FDA Approves Pembrolizumab for BCG-Unresponsive NMIBC

The FDA  approved pembrolizumab (Keytruda) for the treatment of patients with Bacillus Calmette-Guerin (BCG)-unresponsive, high-risk, non-muscle invasive bladder cancer (NMIBC) with carcinoma in situ (CIS) with or without papillary tumors who are ineligible for or chose to not undergo cystectomy.¹ “This is a major advance,” lead study investigator Arjun V. Balar, MD, associate professor of medicine and director of the genitourinary medical oncology program at NYU Langone Health’s Perlmutter Cancer Center told ONCOLOGY. “While cystectomy is highly curative, there is a substantial impact on short and long-term quality of life with the surgery and high rates of complications as well, including an approximately 5% rate of mortality.”

The approval, which was based on findings from the phase II KEYNOTE-057 trial (NCT02625961), follows the 9-4 favorable vote in December 2019 from the FDA’s Oncologic Drugs Advisory Committee that supporting the approval of the new drug application for pembrolizumab.² The FDA recommended a dose of 200 mg every 3 weeks. “This approval proves that systemic immunotherapy is active in a “localized” cancer process and has ushered the development of new treatments that could be combined with immunotherapy for the further benefit of patients with this disease,” said Balar.
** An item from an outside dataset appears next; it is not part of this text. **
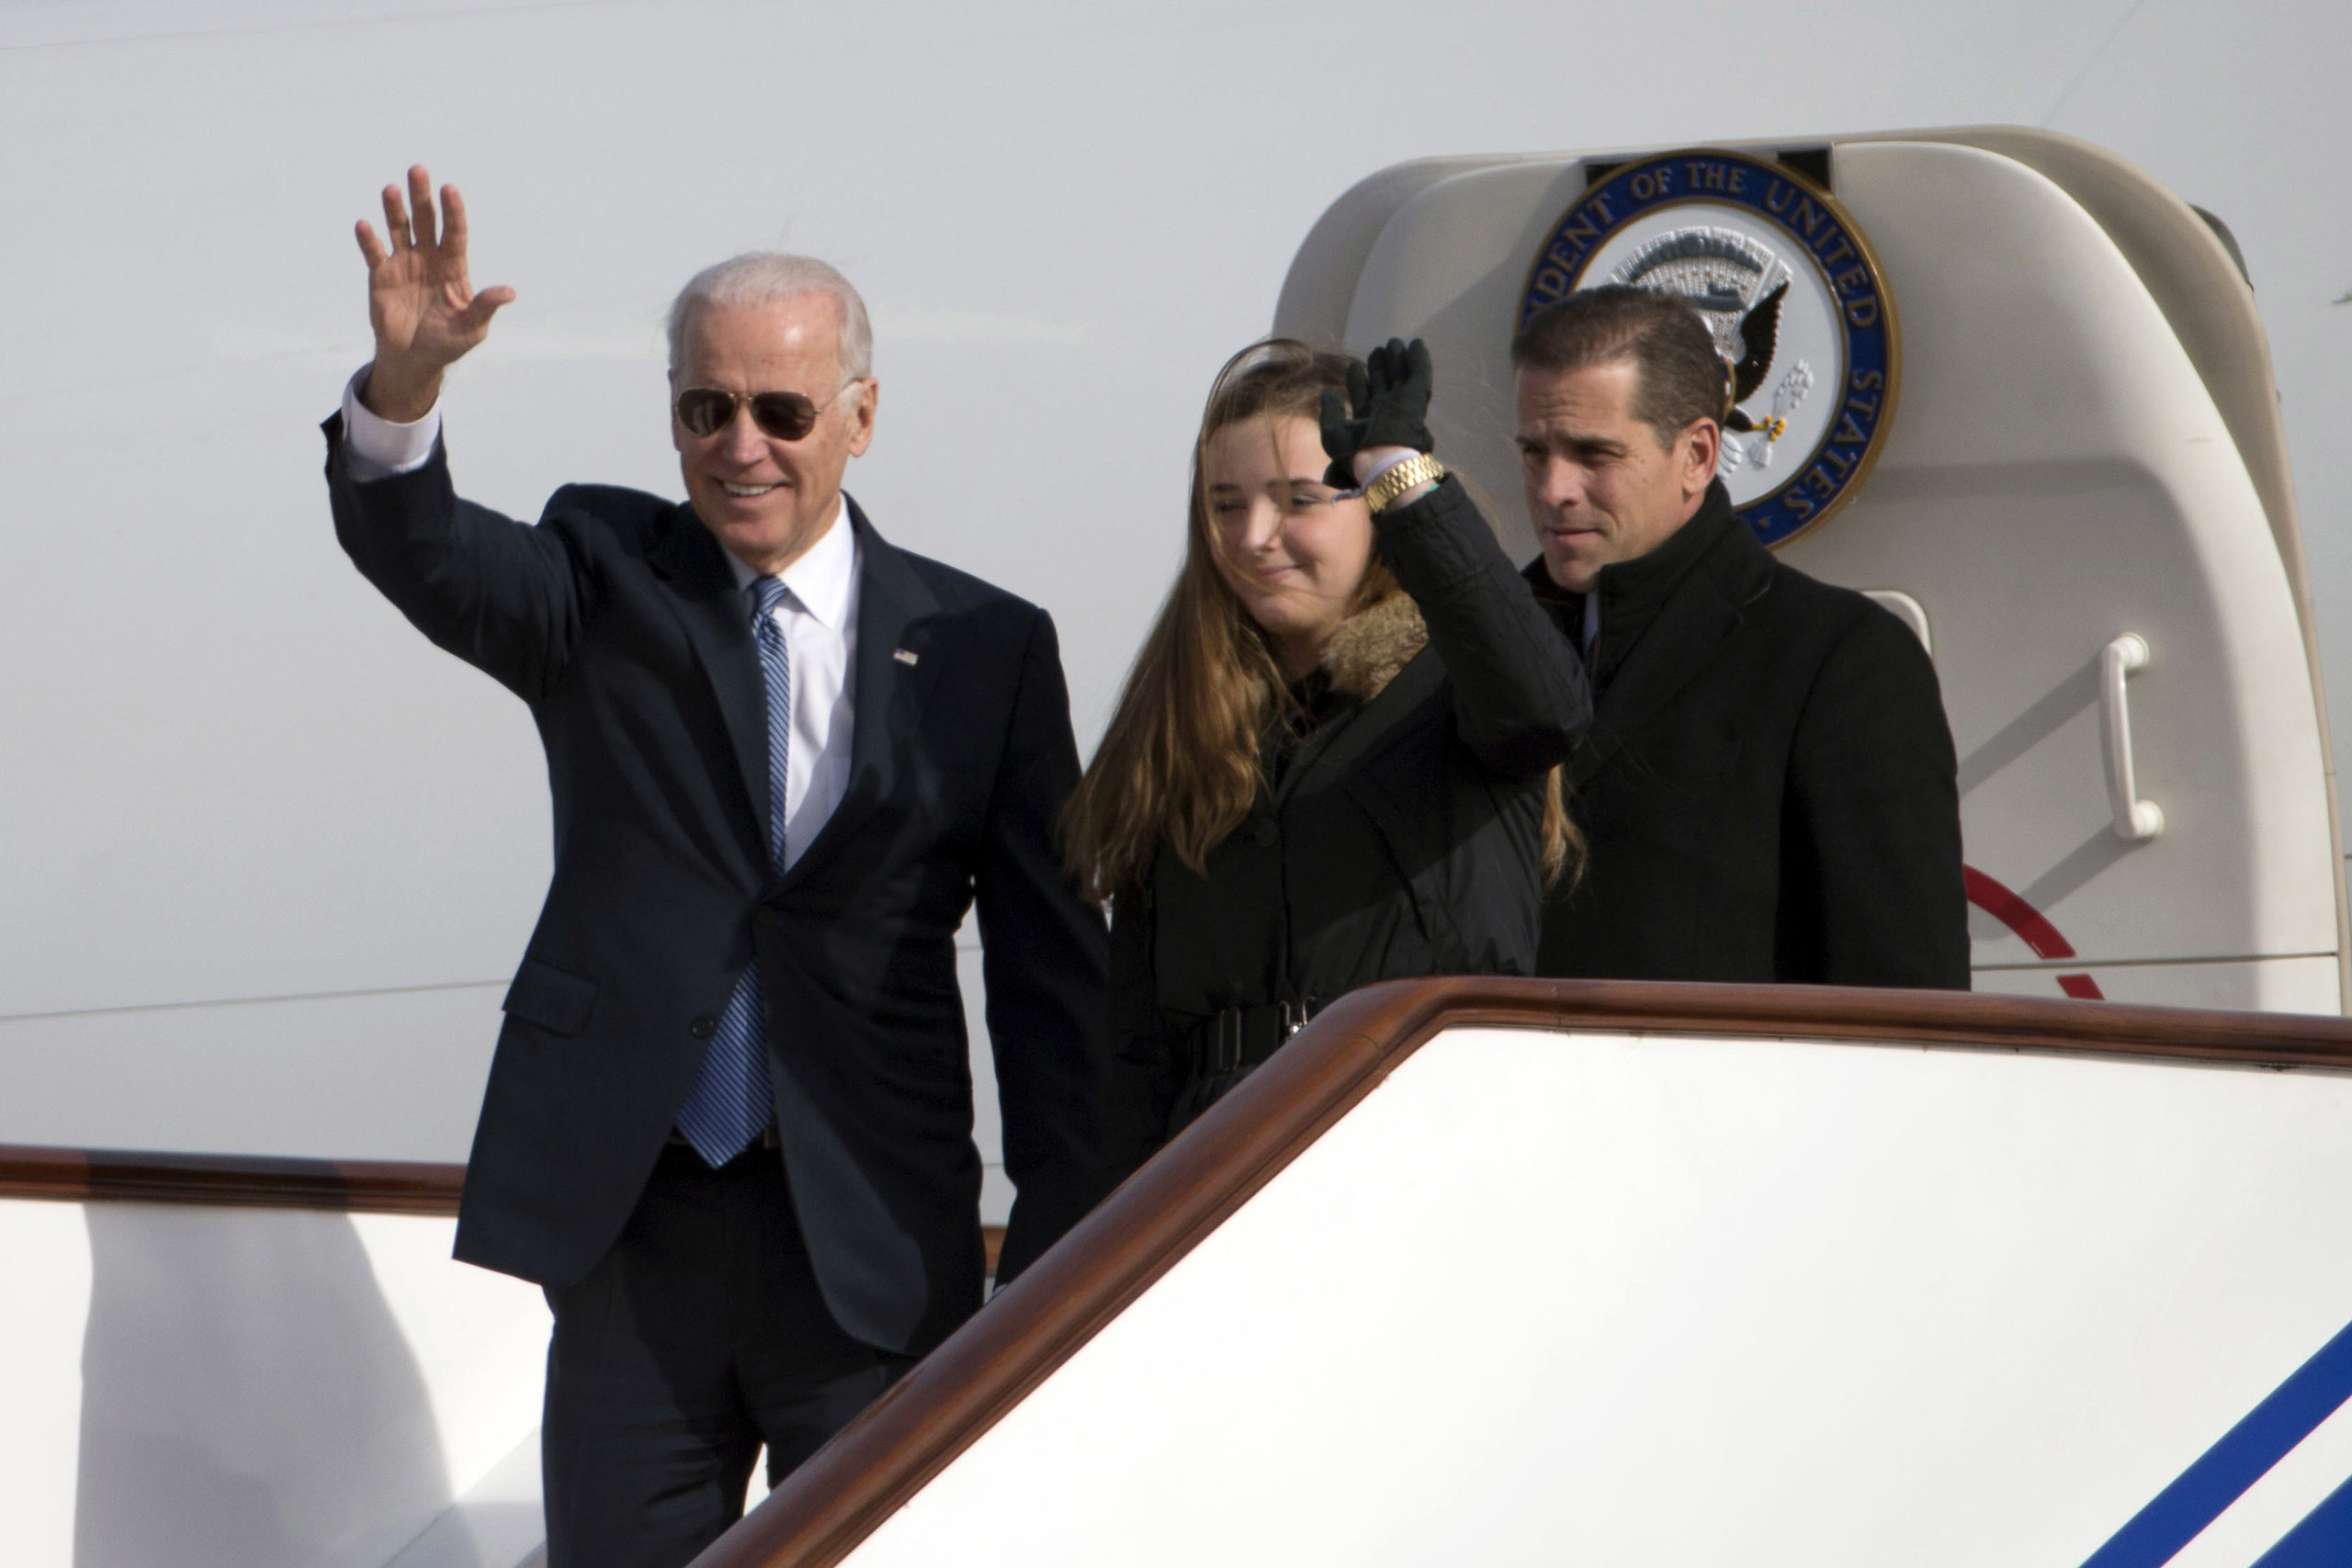 BEIJING, CHINA - DECEMBER 04: U.S. Vice President Joe Biden waves as he walks out of Air Force Two with his granddaughter Finnegan Biden and son Hunter Biden (R) on December 4, 2013 in Beijing, China. Biden is on the first leg of his week-long visit to Asia. (Ng Han Guan-Pool/Getty Images)

Pembrolizumab is the first new drug approved for BCG-unresponsive high-risk NMIBC since 1998. Prior to this approval, cystectomy was usually recommended to patients. “A substantial proportion would outright refuse the surgery, and opt for other less effective treatments, which would then compromise their care,” acknowledged Balar. “With the approval of pembrolizumab, we have an effective option after BCG which will enable more patients to safely avoid a cystectomy.”

KEYNOTE-057 Trial

The multicenter, open-label, single-arm, multicohort phase II KEYNOTE-057 trial enrolled 102 patients with BCG-unresponsive, high-risk, NMIBC with CIS with or without papillary tumors who were ineligible for or did not undergo cystectomy. “The primary efficacy outcome measure was the proportion of patients achieving a complete response (complete eradication),” Balar said.

Key secondary endpoints were duration of response and safety.
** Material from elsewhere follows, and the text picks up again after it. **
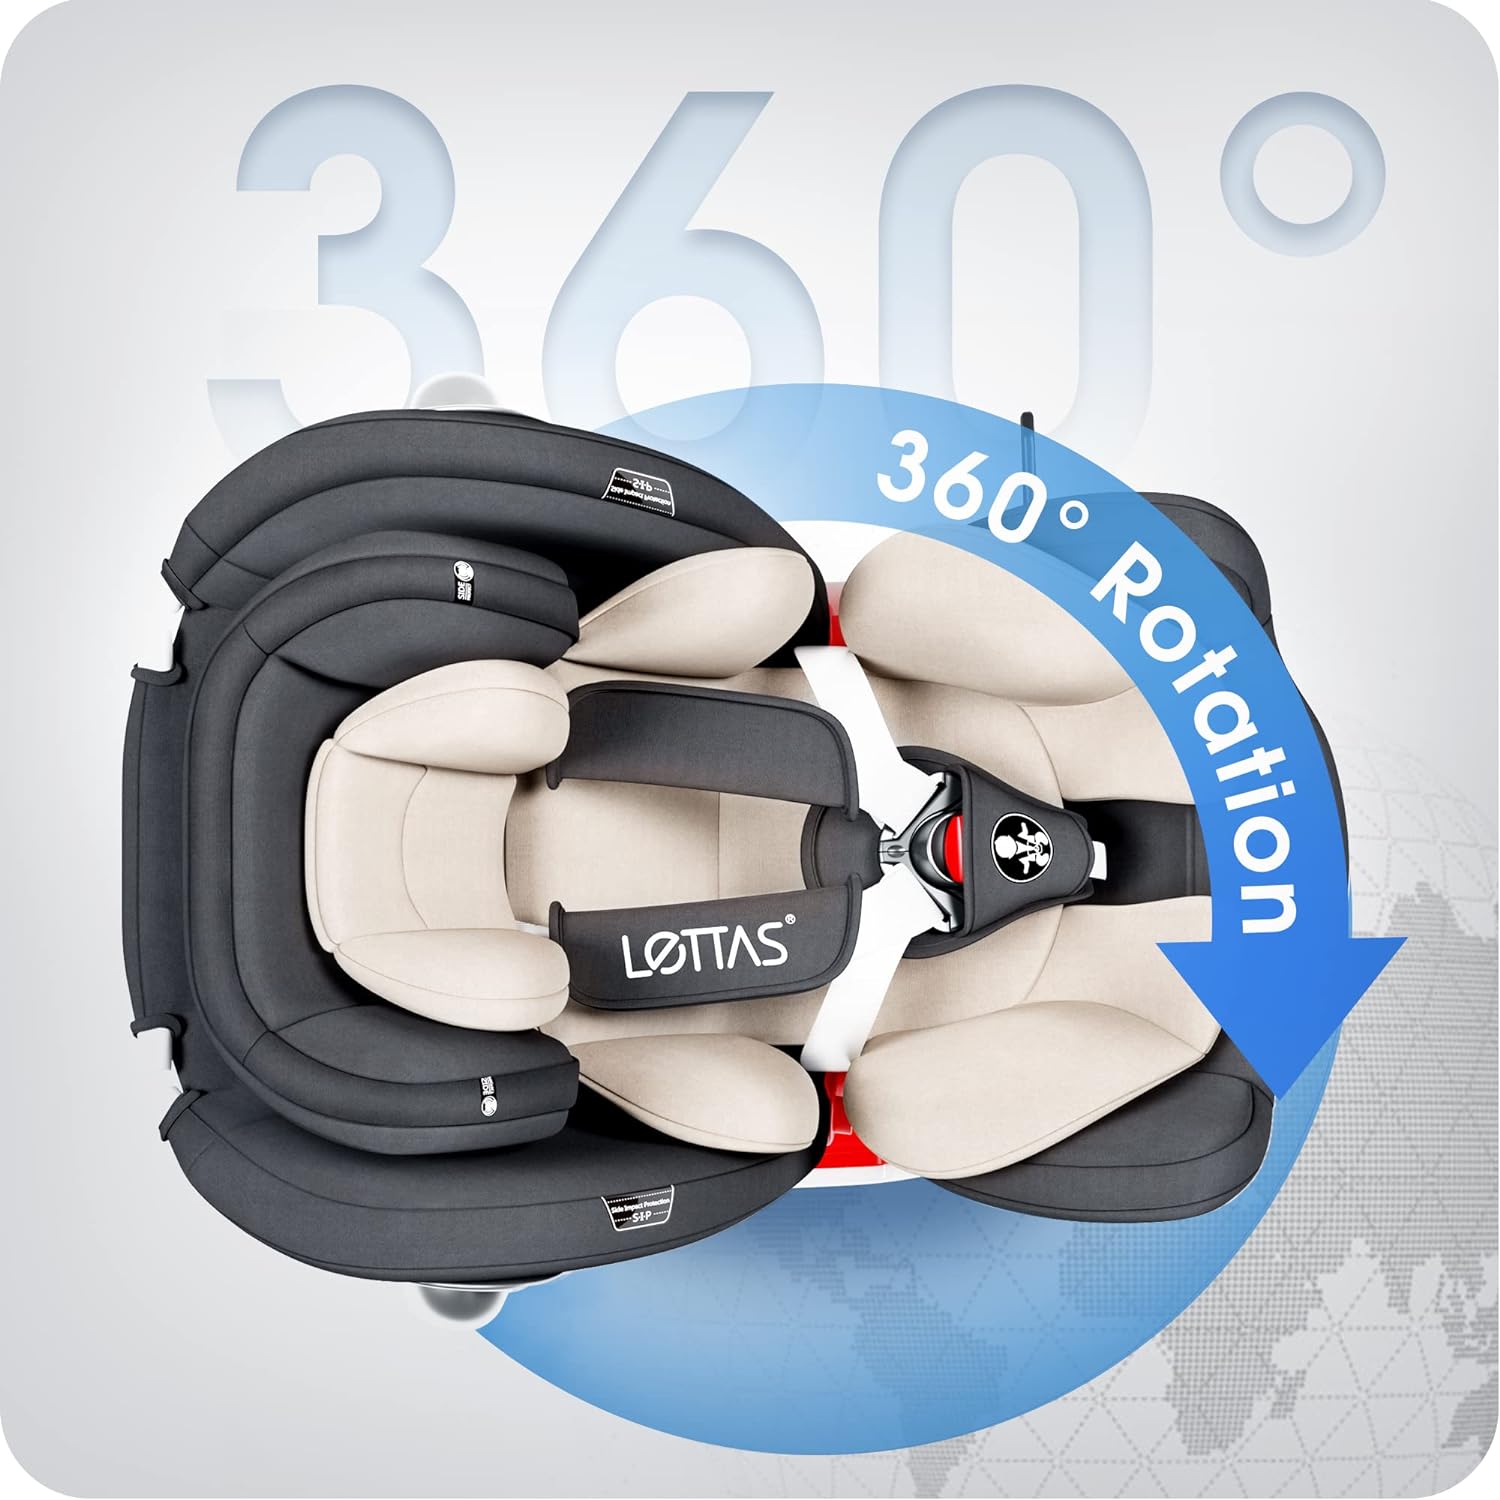 LETTAS Child Seat 360° Rotatable ISOFIX Top Tether Group 0+1/2/3 (0-36 kg) Side Protection Baby Car Seat ECE R44/04

In cohort A, 96 patients were administered pembrolizumab 200 mg every 3 weeks until unacceptable toxicity, persistent or recurrent high-risk NMIBC, or disease progression. Disease was assessed every 12 weeks, and those who did not have disease progression could receive treatment for up to 2 years. Pembrolizumab elicited a CR rate of 41.2% (95% CI, 31.5-51.4), with a median duration of CR of 16.2 months (range, 0.0 to 26.8). Nineteen (48%) of the 40 responding patients maintained their response for 1 year or more.

At an updated median follow-up of 21.1 months (range, 4.6-33.4), treatment was ongoing in 11 patients. Eighty-eight patients discontinued pembrolizumab due to persistent disease (n = 40), recurrent disease (n = 33), adverse events (AEs; n = 10), achieved CR (n = 2), physician decision (n = 1), protocol violation (n = 1), and patient withdrawal (n = 1). The most common AEs (incidence ≥10%) were fatigue, diarrhea, rash, pruritis, musculoskeletal pain, hematuria, cough, arthralgia, nausea, constipation, urinary tract infection, peripheral edema, hypothyroidism, and nasopharyngitis.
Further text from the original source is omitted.